Use different colours, line styles, legends, etc. to make the exploratory analysis more understandable. The function also returns calculated xGs for the randomly selected team in a `dict` type object of form `{team : (xG1, xG2)}`

![](https://drive.google.com/uc?export=view&id=1Y3uSzRQaKumgoKoNdkohYBhpgBrOkYeO)

In [None]:
def xG_plot(df):
    # your code here
    return {team : (xG1, xG2)} # just for an example. your result might differ from this definition.
xG = xG_plot(df)

## P2.2 - Statistical Analysis (29 marks)

#### P2.2.1 - Model selection for Regression Analysis (9 marks)

In this question, we construct a regression analyses to investigate how well FTHG (or FTAG) can be predicted from the other variables in the dataframe. The objective of this question is to derive a sparse model (linear and polynomial) with fewer variables. 

#### P2.2.1.1 - Variable Selection for Linear Regression (5 marks)

In **variable selection** ('variable' means the same as 'predictor'), variables get iteratively added or removed from the regression model. Once finished, the model typically contains only a subset of the original variables. It makes it easier to interpret the model, and in some cases it makes it generalise better to new data. 

To perform variable selection, create a function `select_variable(df, main_pred, main_target, alpha)`, where 
 
 - `main_pred` is a dictionary of variables.

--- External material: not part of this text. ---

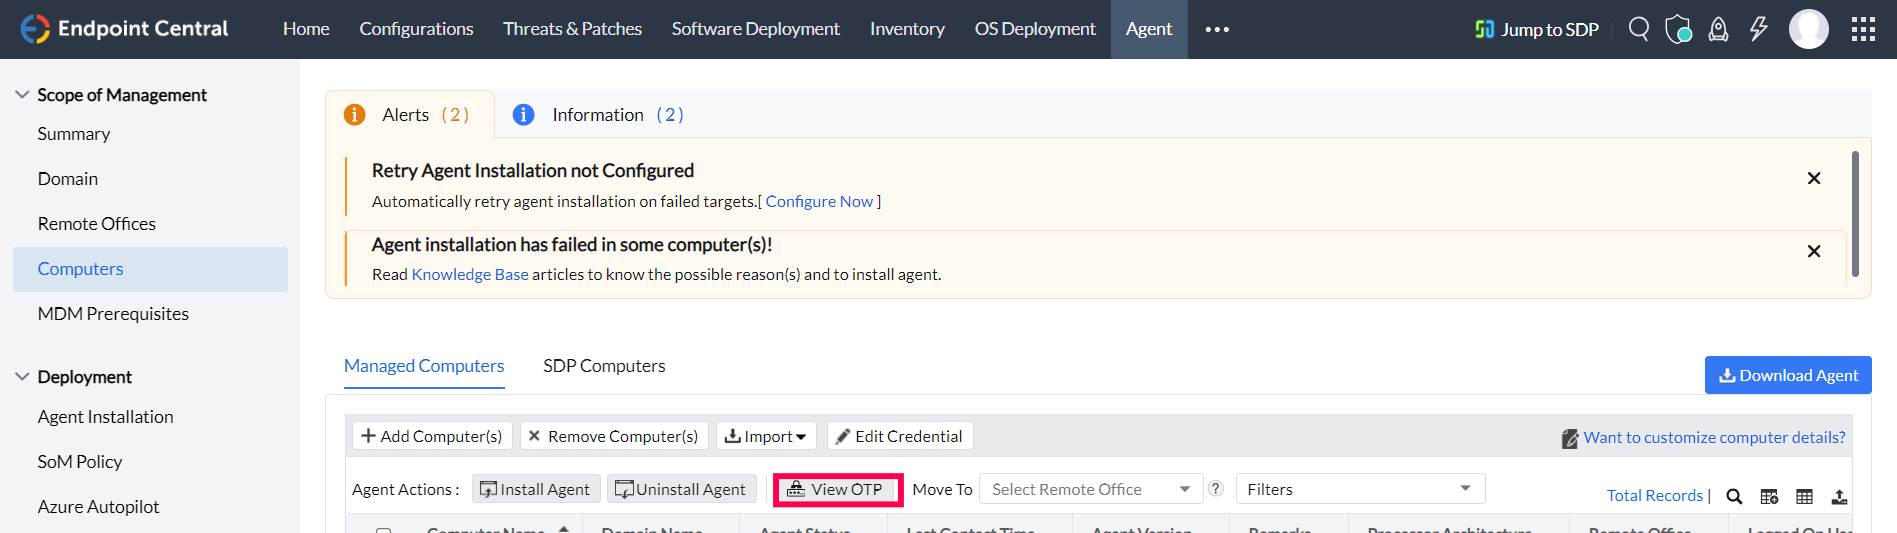 View OTP option in Endpoint Central Server

For this analysis, firstly, either all Home or Away teams will be marked and the predictors given below will be used

  - Home: [Time, FTR, HTHG, HTR, HS, HST, HF, HC, HBP]
  
  - Away: [Time, FTR, HTAG, HTR, AS, AST, AF, AC, ABP]. 
 
 - `main_target` is the variable for the regression, Home: FTHG (or Away: FTAG)
 
 - `alpha` is the significance level for selecting significant predictors

The function should return

 - `main_pred` is the dictionary which stores the selected subset of initial `main_pred` both for home and away teams, in a format of `main_pred = {'Home': [... selected predictors here ...], 'Away': [... selected predictors here ...]}`.

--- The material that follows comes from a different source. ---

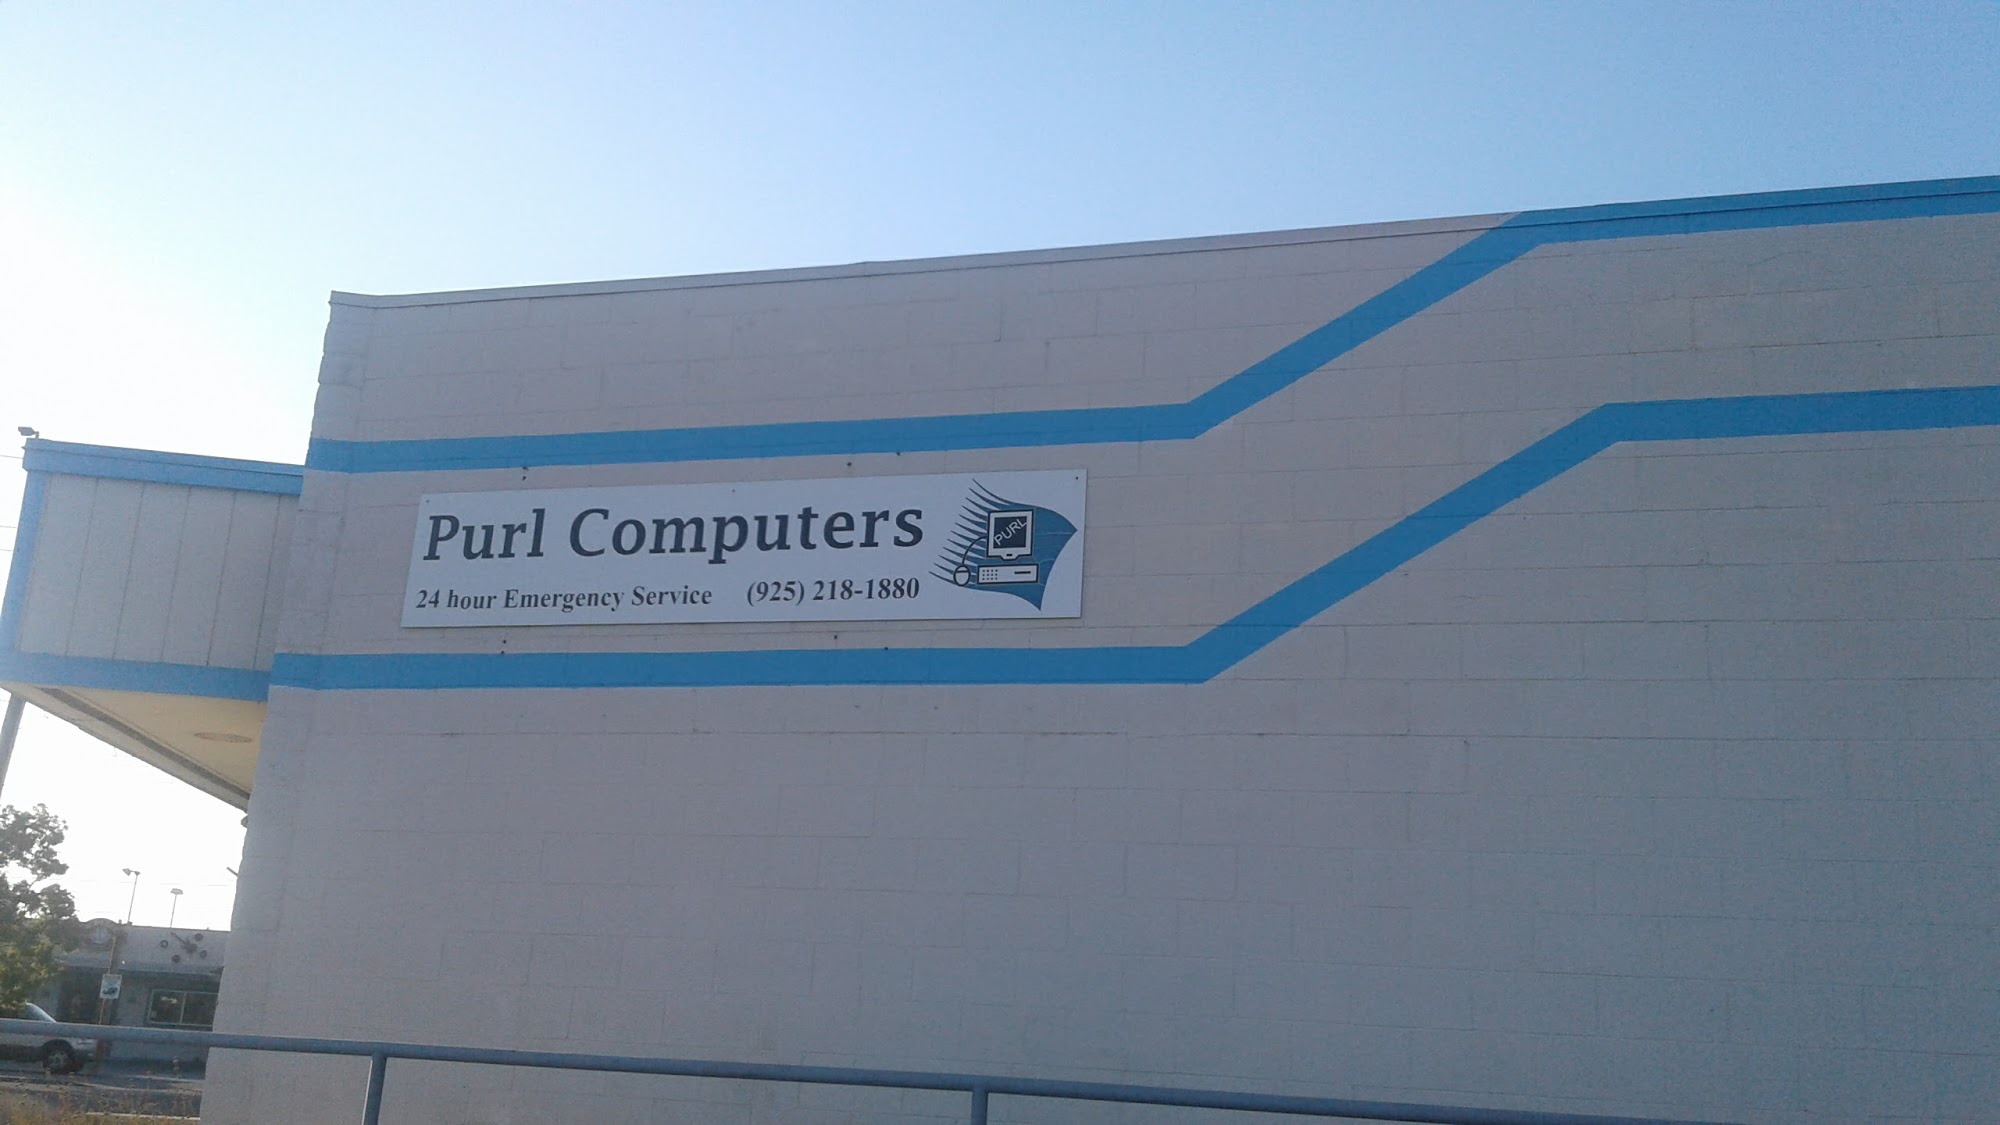 Purl Computers

To calculate regression fits and $p$-values you will use `statsmodels`. The general procedure follows two stages:

 - Stage 1 (adding predictors): you build a model by adding variables one after the other. You keep adding variables that increase the **adjusted $R^2$** value (provided by `statsmodels` package). 
  
  - Start with an empty set of variables
  
  - Fit multiple one-variable regression models. In each iteration, use one of the variables provided in predictors. The variable that leads to the largest increase in adjusted $R^2$ is added to the model.
  
  - Now proceed by adding a second variable into the model. Starting from the remaining variables, again choose the variable that leads to the largest increase in adjusted $R^2$.
  
  - Continue in the same way for the third, fourth, … variable.
  
  - You are finished when there is no variable left that increases adjusted $R^2$.
 
 - Stage 2 (removing non-significant predictors): if any of the utilised predictors are not significant, you need to remove them. Keep removing variables until all variables in the model are significant.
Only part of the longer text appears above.